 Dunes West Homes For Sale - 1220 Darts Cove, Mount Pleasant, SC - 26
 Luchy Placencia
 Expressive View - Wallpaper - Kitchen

___

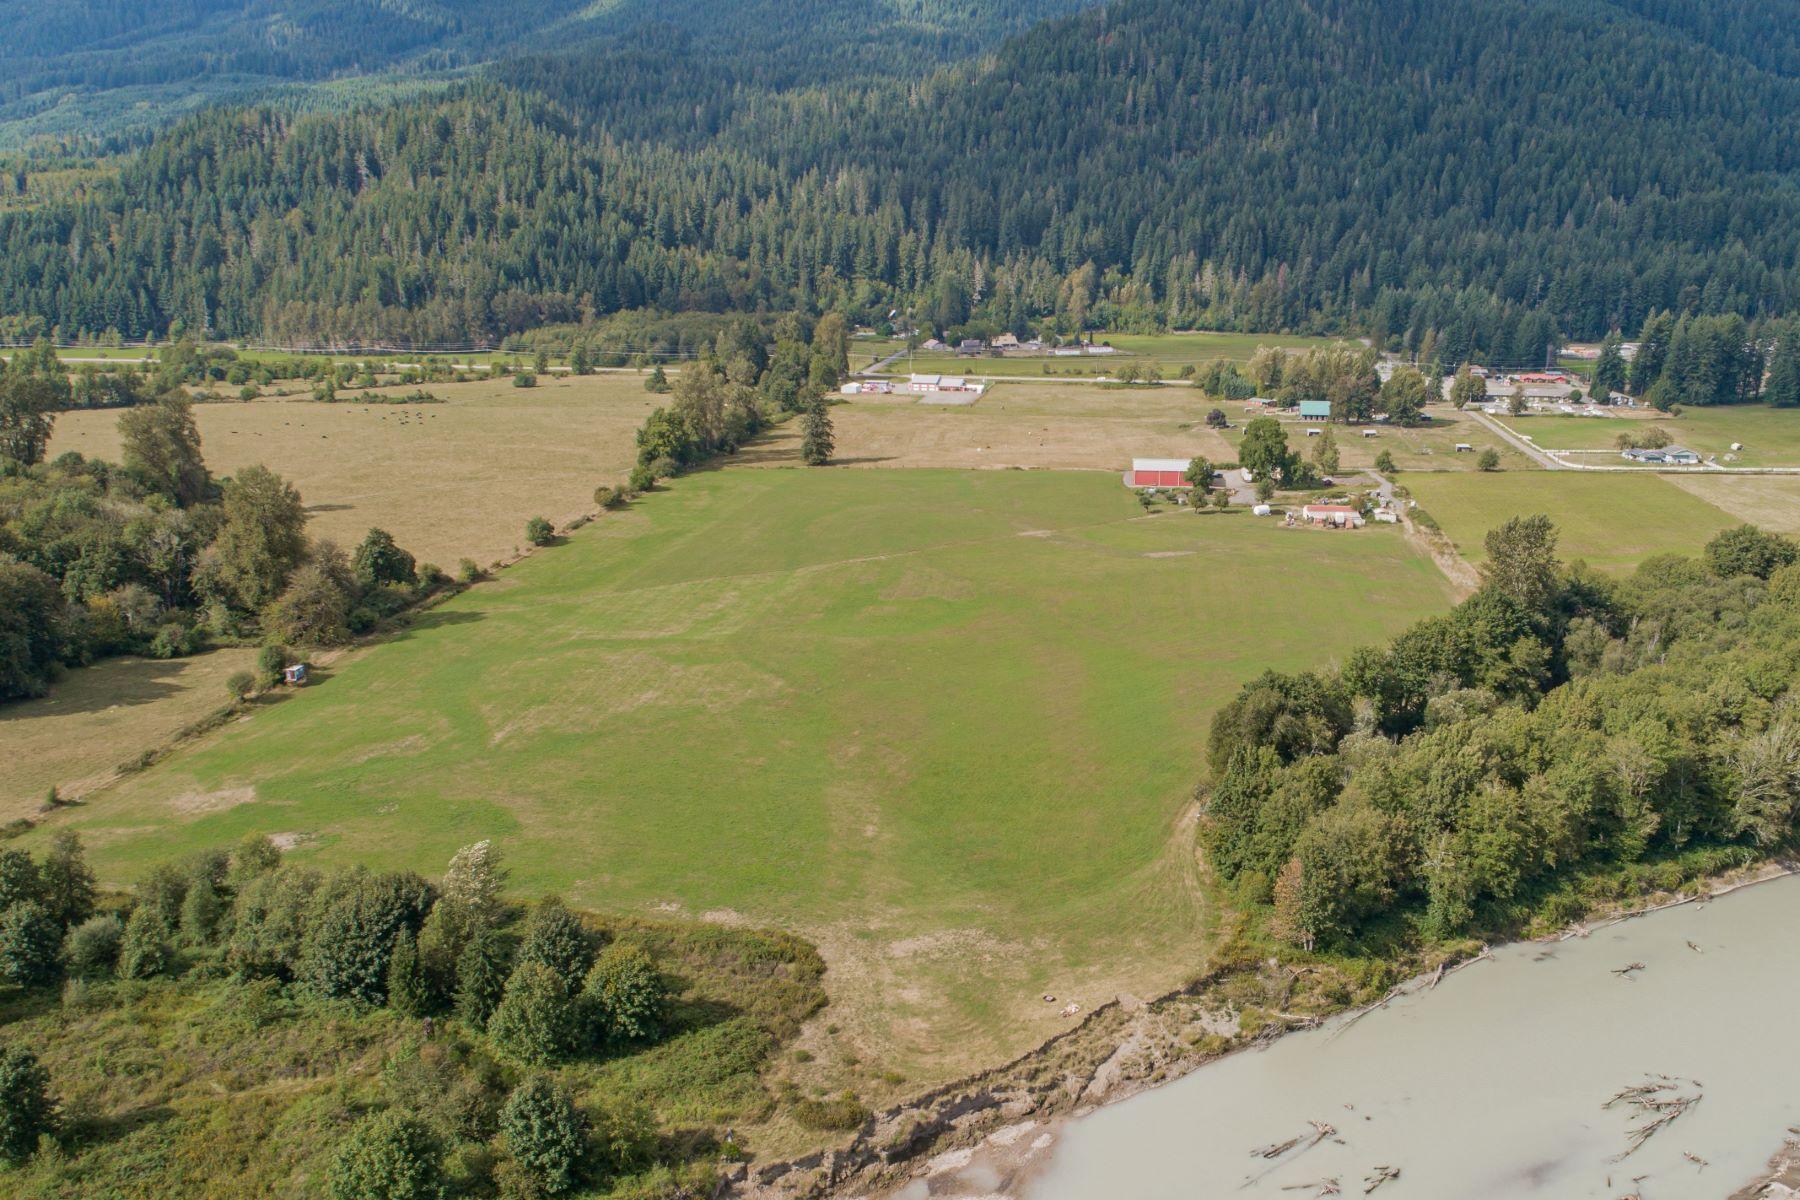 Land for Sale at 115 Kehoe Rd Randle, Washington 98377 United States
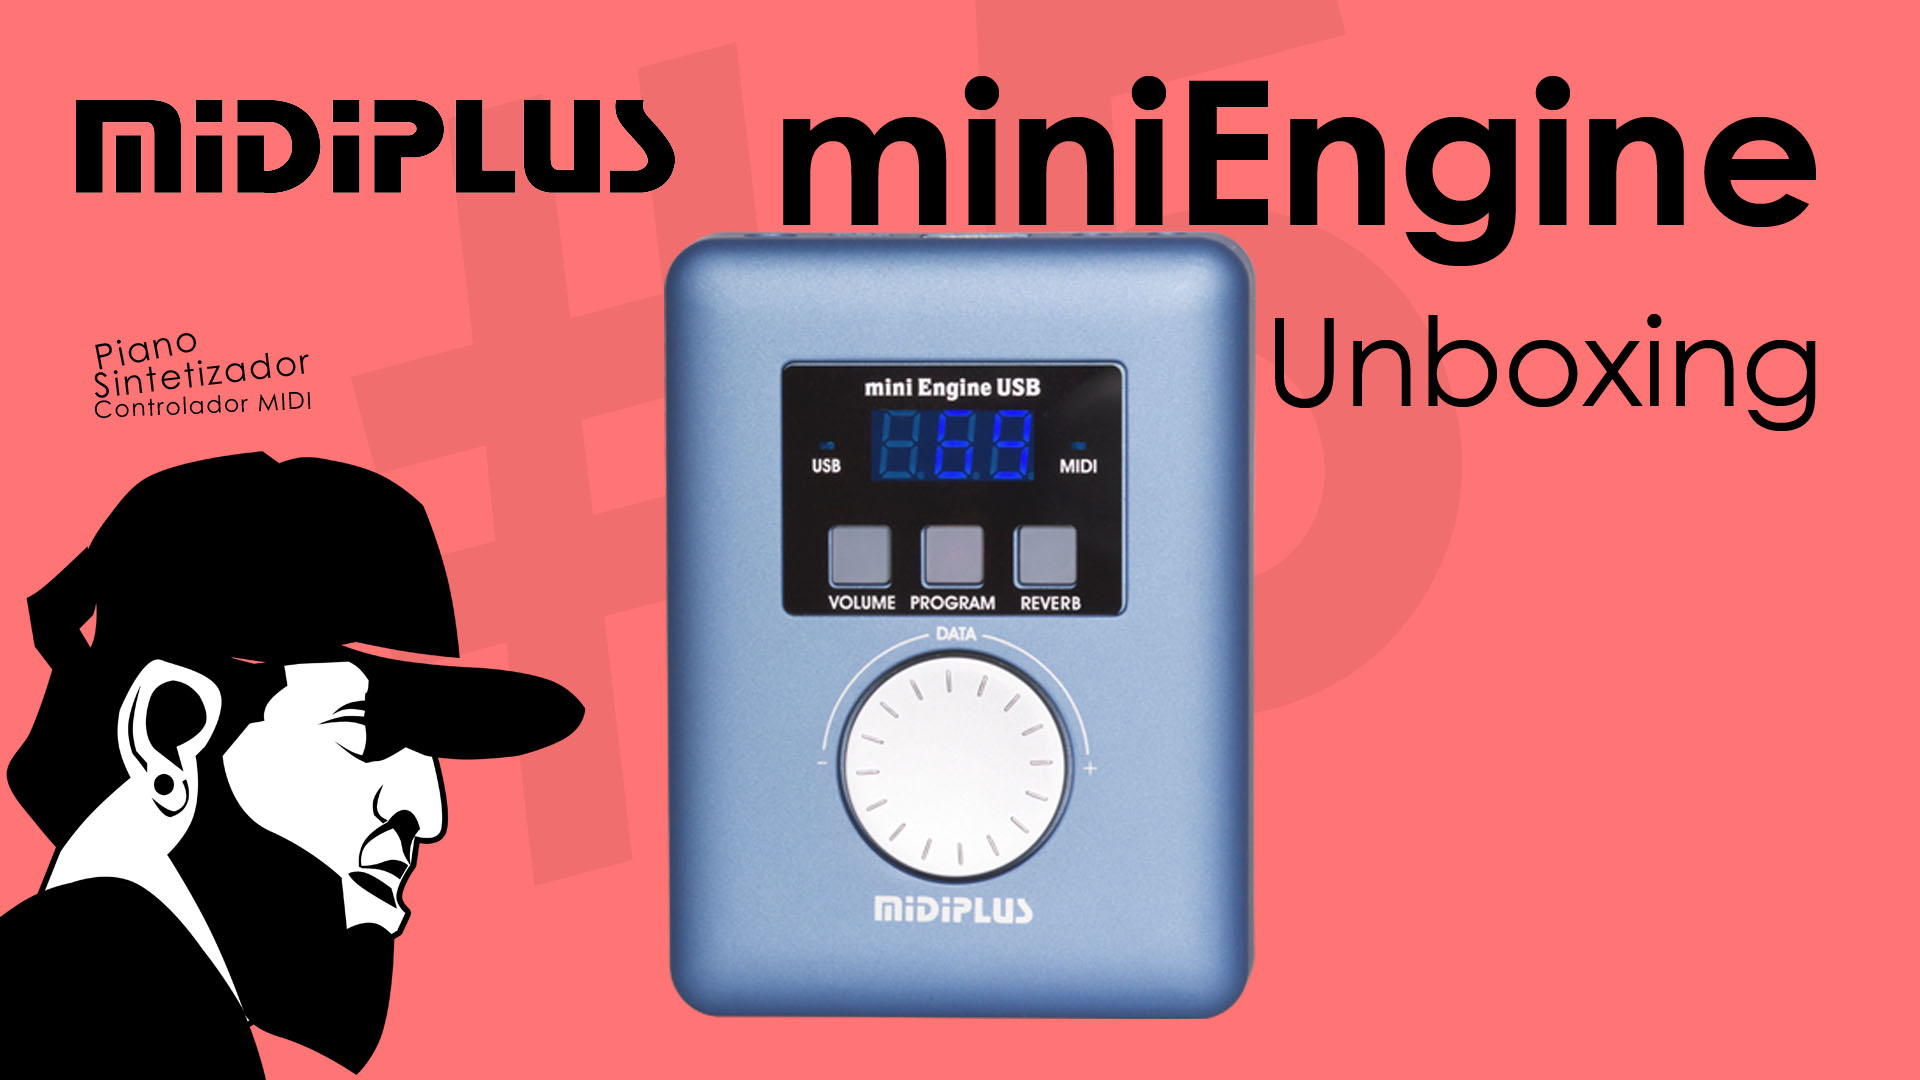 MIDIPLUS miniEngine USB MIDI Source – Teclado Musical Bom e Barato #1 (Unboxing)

___

- **What to produce**
Above are records; repeat only the lines starting at the line with "Dunes West Homes" and ending at the line with "Expressive View - Wallpaper - Kitchen", exactly as they appear, both included.

- **Answer to this task**
 Dunes West Homes For Sale - 1220 Darts Cove, Mount Pleasant, SC - 26
 Luchy Placencia
 Expressive View - Wallpaper - Kitchen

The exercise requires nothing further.